Excellent video...as usual!!! 👍
Thanks
Great work. Thank you for sharing.
This is an awesome method for a lathe with good v type ways. Flat ways like an Atlas and it doesn't work as well.
you r a very smart man, thanx for the video
+Mike Bates I don't know about that, but thank you very much
If you don’t have the broach tool, you can just drill and tap the hand wheel so the correct size grub screw acts like a key . both ways are good.
Great tip, Thank You.
Thank You. I will be doing this today.
What a slick was to make the keyway
Mr. Pete, do you think this technique would work in general for a non-through bore? I have a need to make an adapter for the output end of a harmonic drive transmission (~1-3/4" long by 7/8" diameter shaft with keyway) to a couple different ends (1" x 8 TPI, 5/8" smooth). I'll put a set screw or two on the shaft, which may be enough to hold for what will probably be a low torque interface, but would like to have some amount of keyway if at all possible.
is the depth of the key way measured from the center line of the hole to the edge of the key way or is it from the shoulder of the key way where the cutter first touches the hole.
thanks for the great videos
Pete, interesting how you have the rear toolholder set screw hanging half a diameter off the rear of the tool bit. It does appear it would hold better axially that way. You essentially have a shaper there - I guess that in some instances it might help to have a clapper, but certainly not for cutting buttery zinc!
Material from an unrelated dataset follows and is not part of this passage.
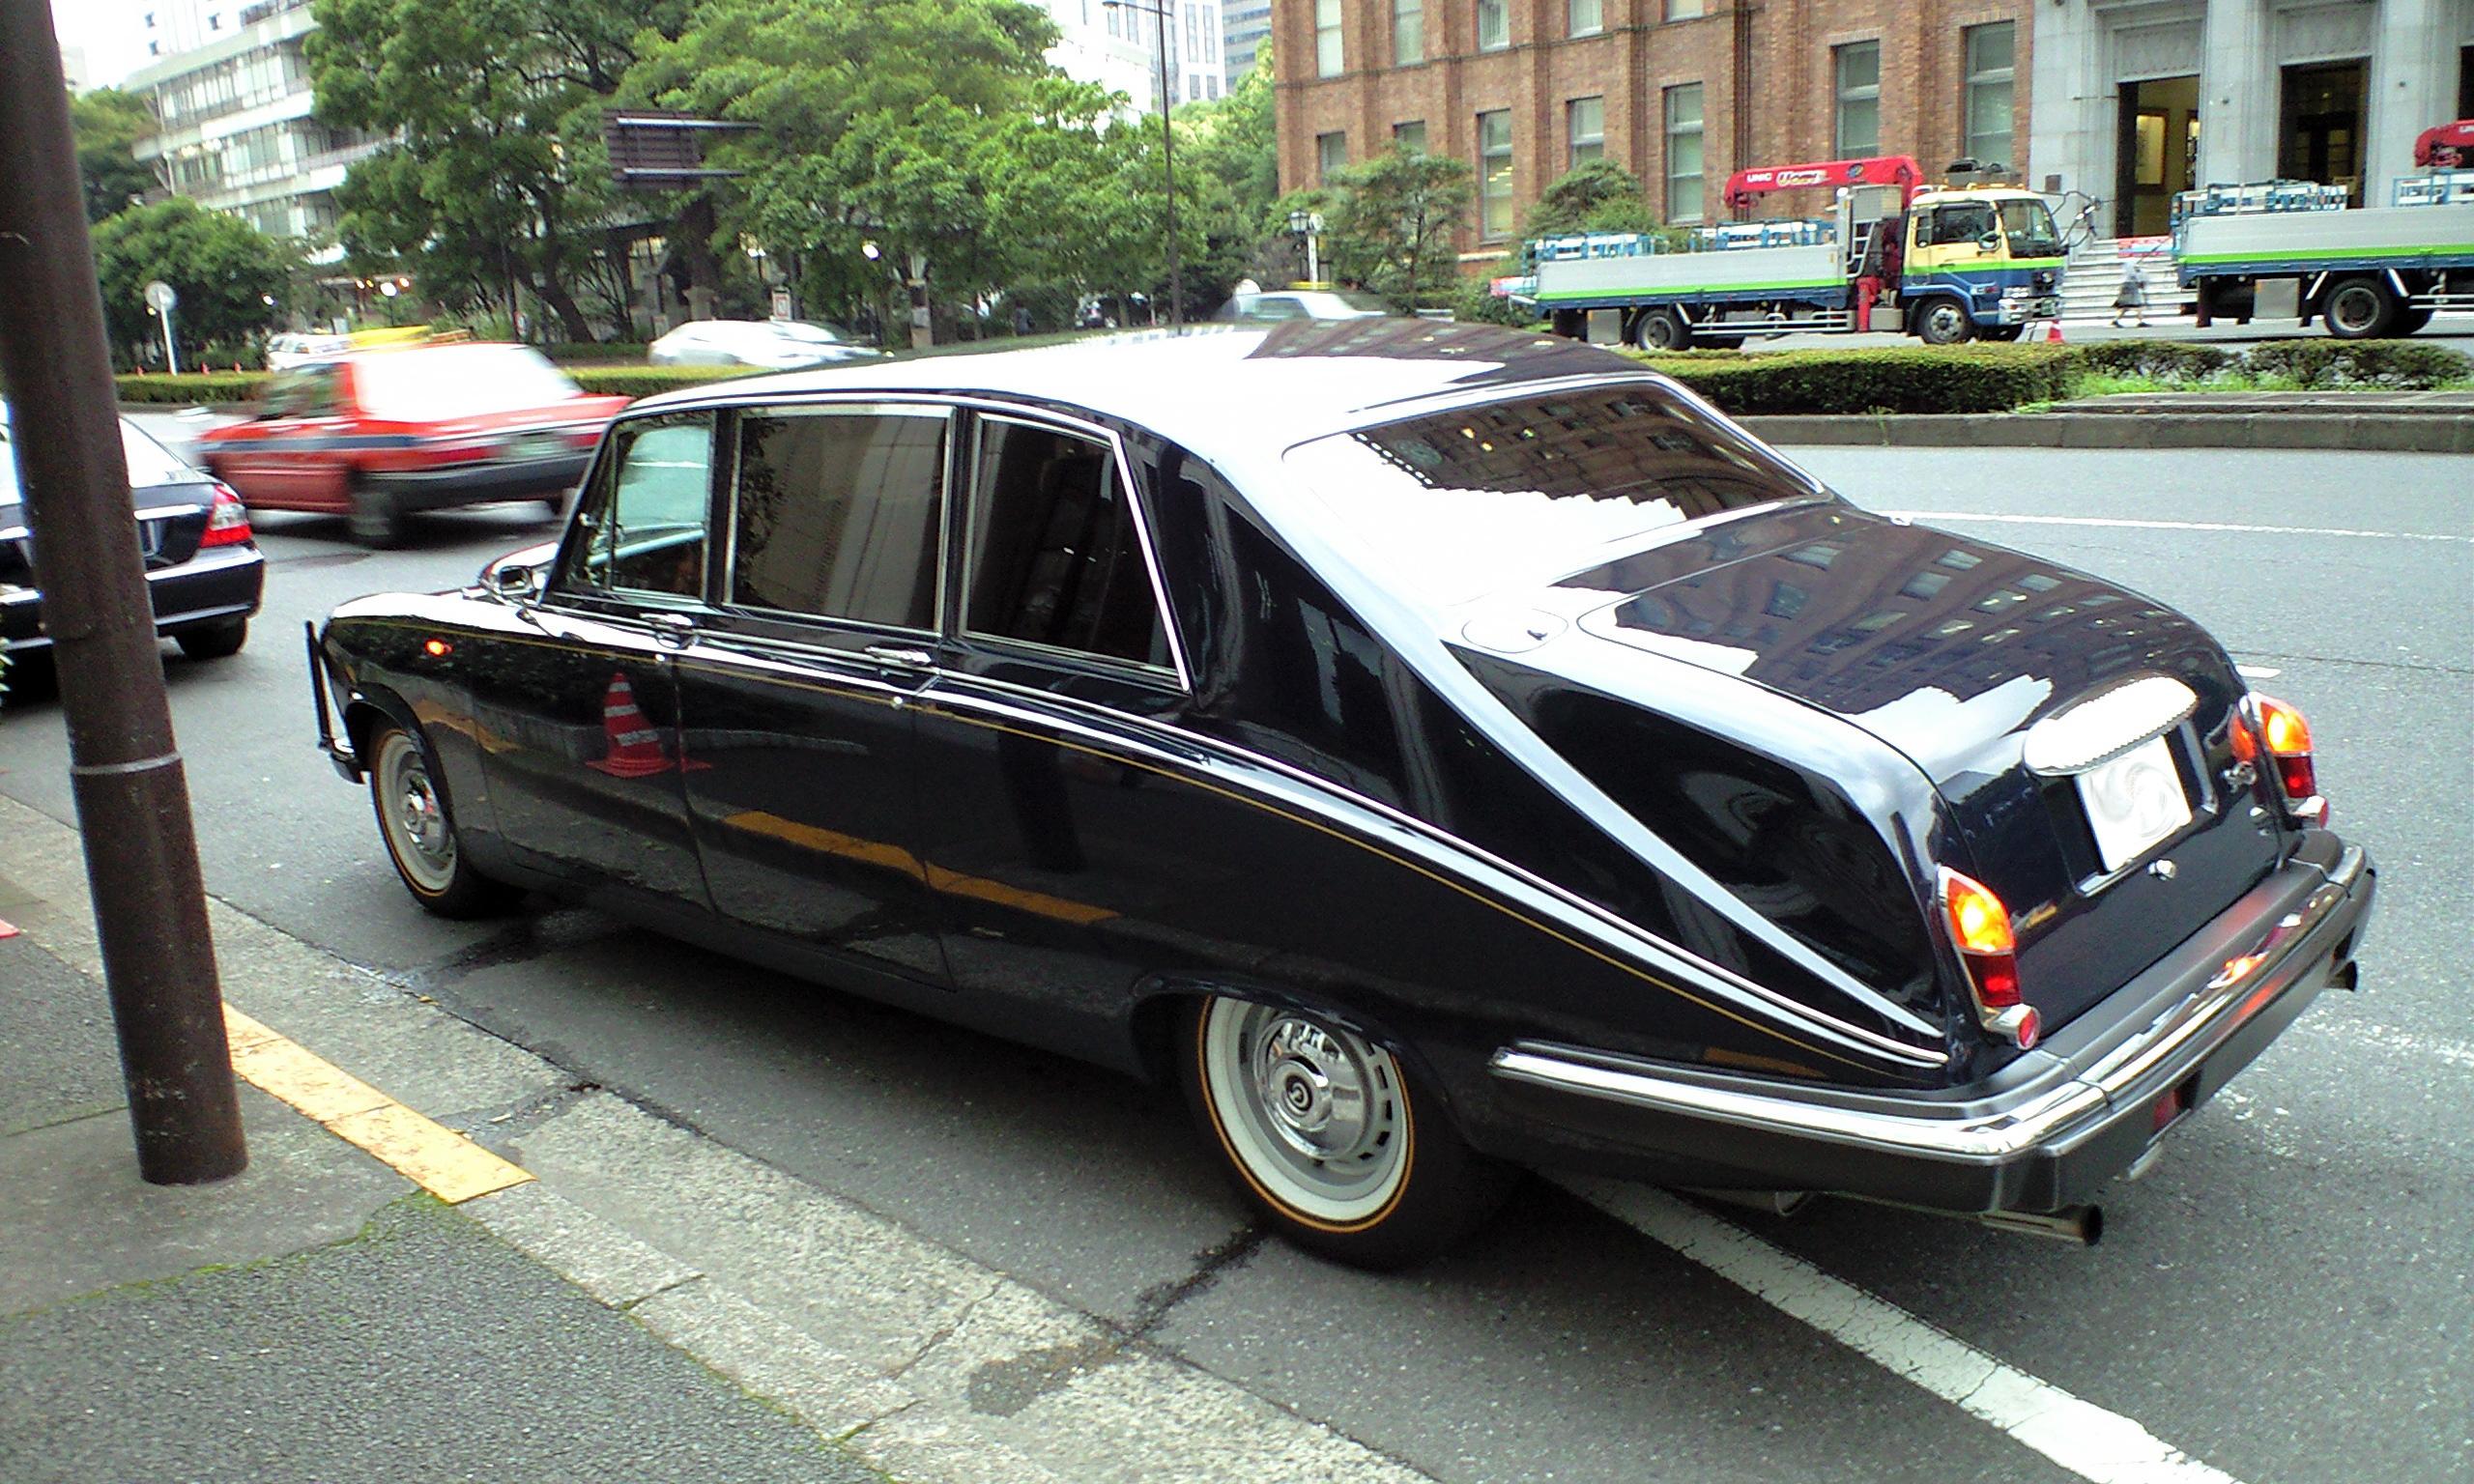 Rolls Royce Limo >> File:Daimler DS420 Limousine rear.jpg - Wikimedia Commons

It occurs to me that you could cut gear teeth in that manner if you could grind a cutter with the proper profile - much simpler than buying a cutter which are expensive and come in so many varieties. Just grind the cutter to match the cutter with one of its less-worn mates. Or can you buy inserts ready made? Hard to stop writing and look it up youtube is quite prone to lock up if I go to my browser on my iPad - requires a hard reboot to work properly and that also erases what I’ve written.
Excellent Video!
Thank you Sir.. great content
I didn't catch it if it was thrown; is the width of the parting tool the same as the required key way width? Or could one just reset the height of the tool and make multiple cuts?
Also when using the second parting tool to try to level the cutting tool, I can see that the top surface of the tool becomes level but isn't the narrow face of the tool now tilting down same amount as it would have tilted if no spacer was used? i. e. it just tilts in the opposite direction? It still was close enough to do the job. In any case, it is an excellent video and taught me ĺot. Thanks for all your great videos.
Excellent video, thanks
Good job done thanks for the tips!
Thank you for watching
Fantastic, I need to cut a slot and don't have a slitting saw, this will be perfect I do think.
+Wooley689 Band saw? often on non aircraft it is acceptable to use even a .06 wide saw blade when the print says .08. Many designs of food machinery, custom prototype stuff is designed with a standard where an engineer uses as a type of default width for slitting clamps and things. often is ok to change a little to get the job done. just get an ok first to cover you backside if you think about deviating. As said though. No deviation for Aerospace.
Thank you. I have an application for this with a 5/32 keyway
These are readily available off the shelf of a company I know of... they will also make the tooling suit the lead angle of a worm or a spiral bevel gear but these are for CNC really...
Martin Altria thanks--did not know that
It's all about the angle... ie tangency to the line of cut....
www.revtool.eu/en/contacts.html
I speak to Daniela Greco
Hi, Any chance for a "walk through" on the making of a Gib strip. I am currently restoring an Elliott Juniormil I would like to undertake the project by scraping it in. Great video as always. keep 'em commin.